# 2 figure questions



## SE18 (Feb 21, 2008)

Hi,

I'm soon going to make a hoard of people in 7/8 scale.

Here's a test figure, connected with 16 ga aluminum wire, predrilled with thumb drill. It is posted beside my steel engine on 32mm track (18" gauge)


The hips have to be lowered some, I know


I'm using wood instead of resin castings to save on resin (I can mass produce these parts with my router) and I prefer working in wood


1. I'm thinking of filling in the segments with either 1:1 putty sticks (the kind you kneed); or self-hardening clay. Any ideas?

2. Once the segments are filled in and hardened, the figure will become rigid. Anyone know how to make a figure that flexes without looking dorky like the segmented figures sold in toy stores


thanks


----------



## rkapuaala (Jan 3, 2008)

Looks Great. 
You definitely are headed in the right direction. Your idea with the puddy or self hardening clay is excellent. You can even use bakeable clay as long as its temp isn't high enough to burn wood. 
As far as making them with joints that don't look dorky,,, thats a challenge at that scale. If you have a lot of patience, you could make a fully articulated armature sculpt it over with plasticine, then coat it with latex.
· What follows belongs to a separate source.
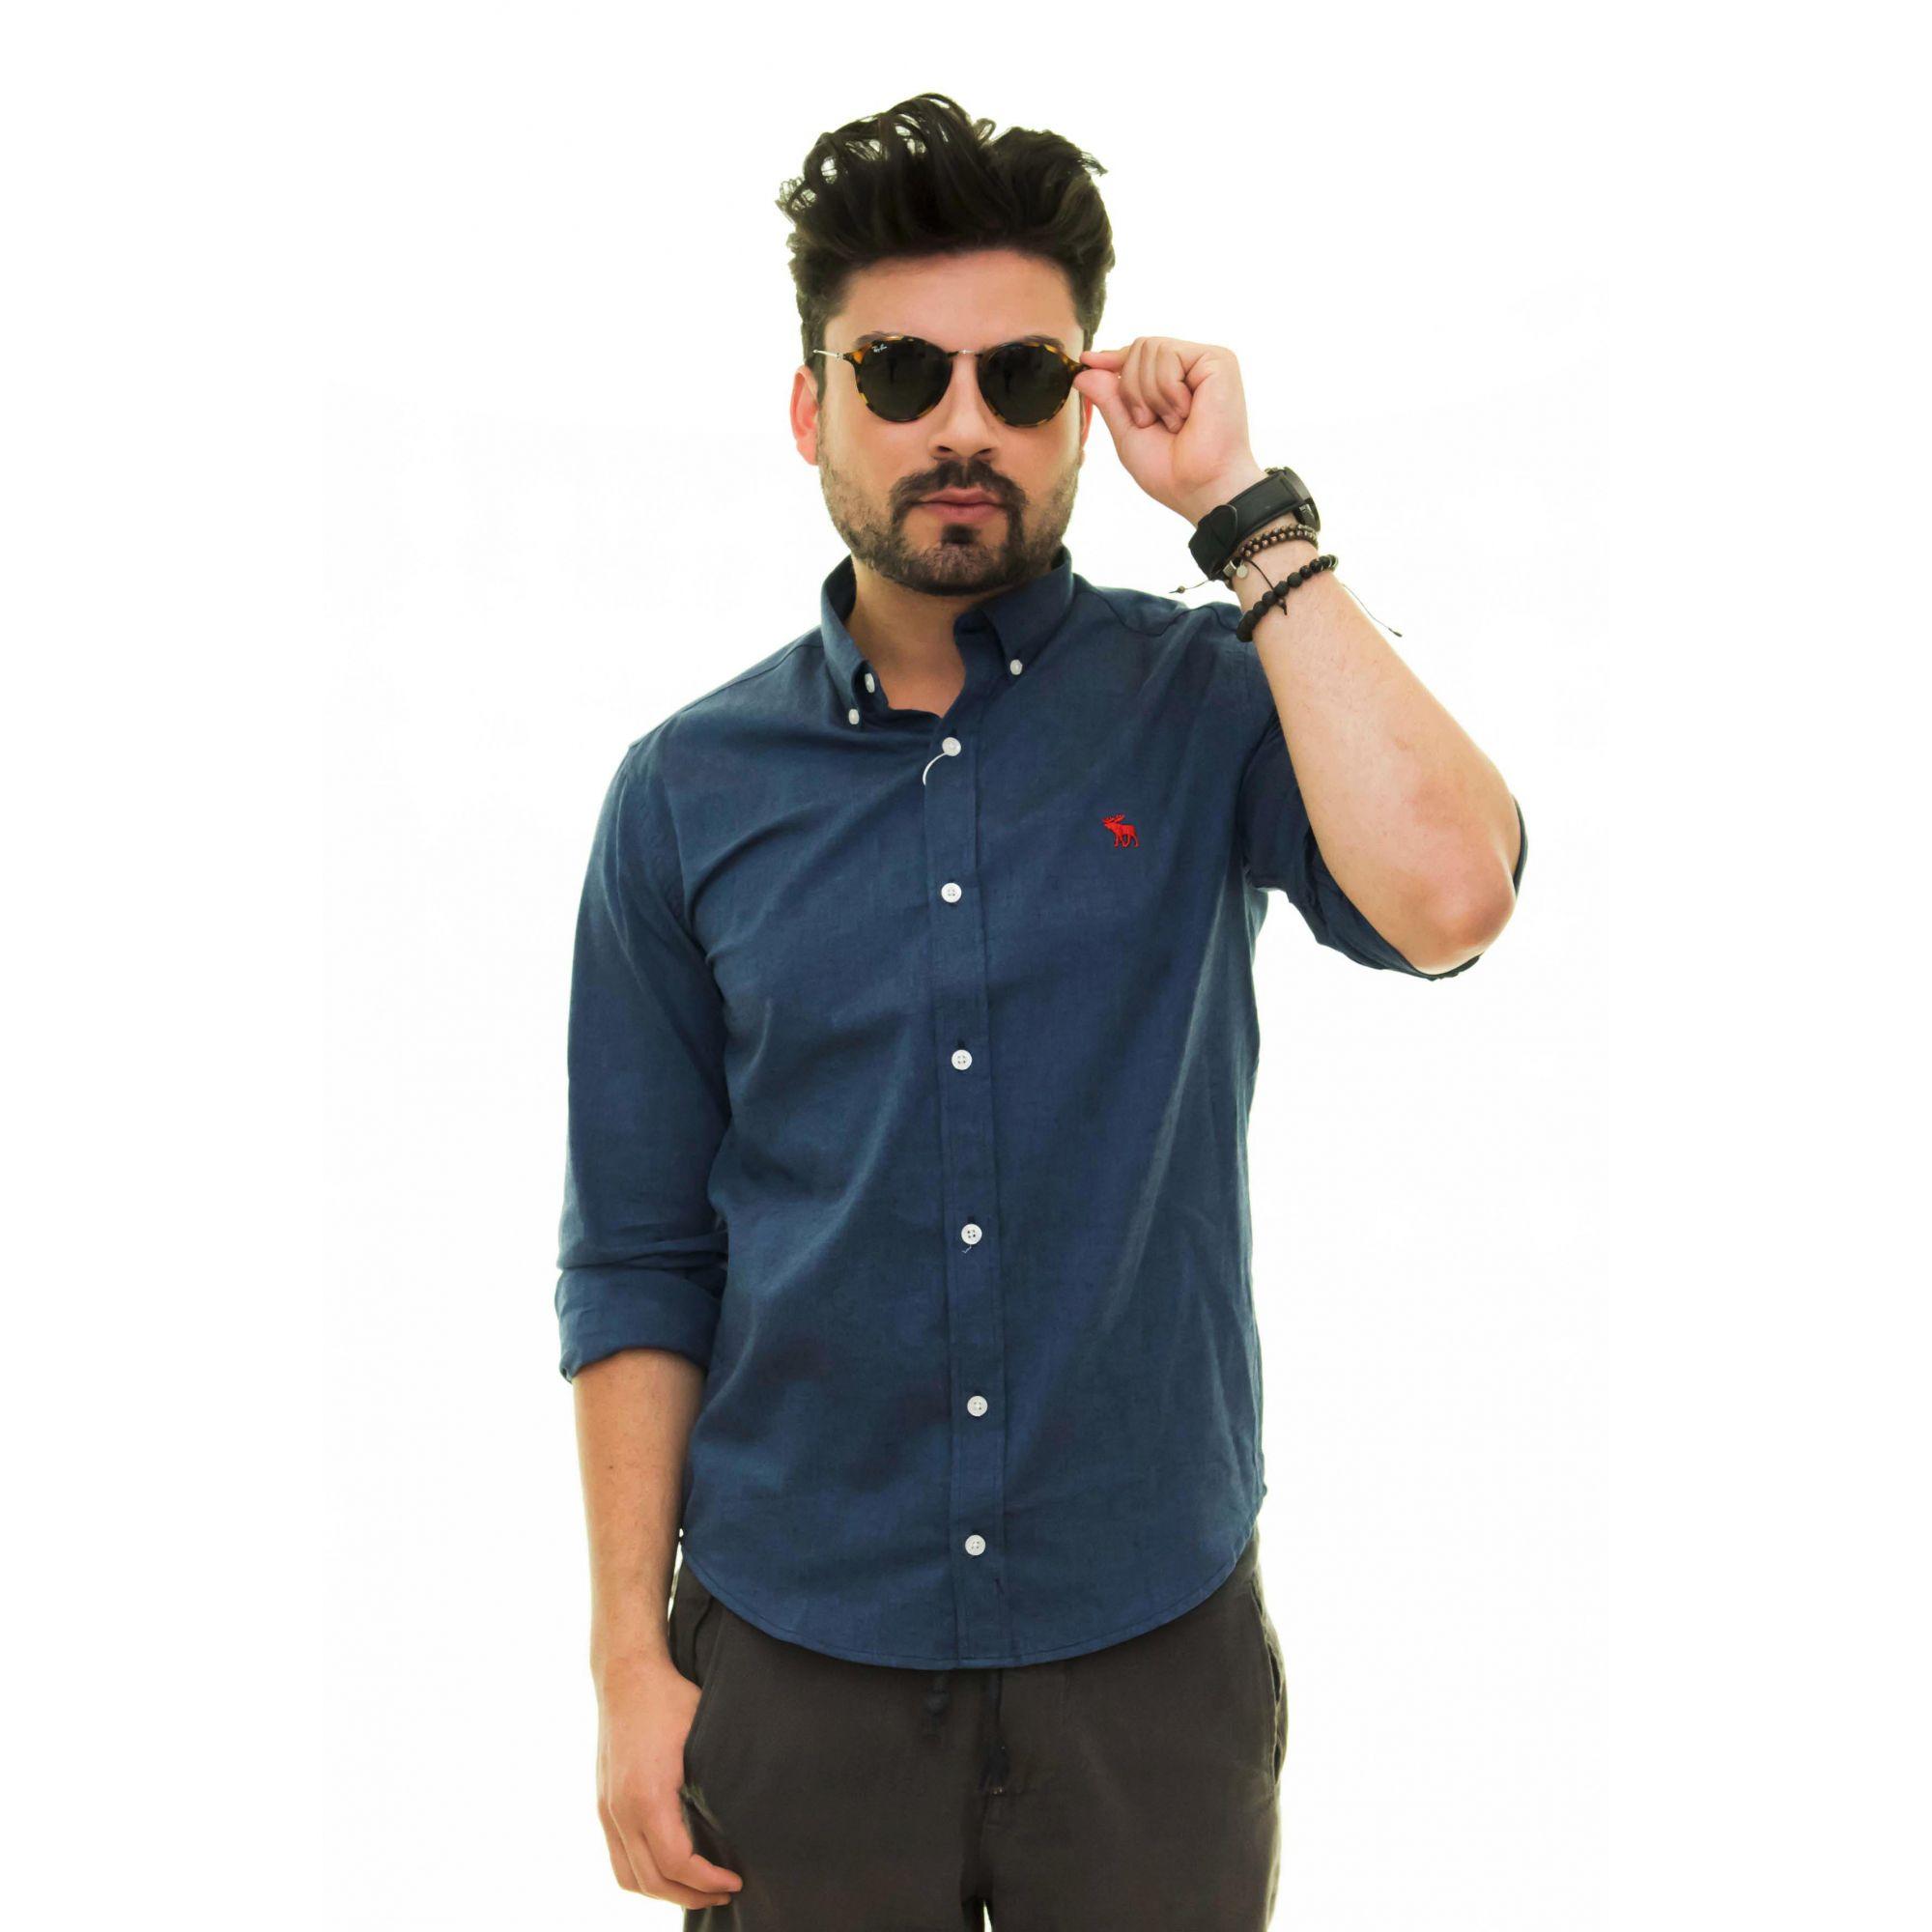 Camisa Social Oxford ABR Marinho

Vulcanizing the latex without ruining the sculpture is a trick I haven't mastered, if you don't vulcanize the latex, it will deteriorate fast. 
I'm looking forward to watching your progress.


----------



## SE18 (Feb 21, 2008)

thanks; this morning I was thinking I could possibly hide the joints with clothing instead of merely painting clothing. I'd need to use a fabric with very fine weave to keep it scale, however. 

OTOH, I may just mass produce these in different positions so I can just grab a different figure for what I need 

I'll be mass producing these using a router, jig and templates


----------



## Mik (Jan 2, 2008)

Instead of whole figures in different poses. Make separate arms and legs in different positions. Stick together whatever combination you need, then cover the joint with putty and sand smooth.


----------



## rkapuaala (Jan 3, 2008)

Mik, excellent suggestion. 
SE18. At that scale you might be able to pull the cloth thing off. Silk would work best if you get the really fine weave. I saw an articulated example of a guy pushing a coal cart that was very good, I wish I could remember the link address to that youtube example. It was fantastic.


----------



## Fritz (Jan 11, 2008)

Hi, 

Silk seems to be a very shiny or glass material. For larger figures felt or even paper napkins might be suitabel. 

At art shops they sell these movable puppets in different seizes for a few Euro. Probably made somewhere in the thrird world 










My example in the picture is approx 125 mm high. Quite suitable for 7/8th scale. 


Have Fun 

Fritz / Juergen


----------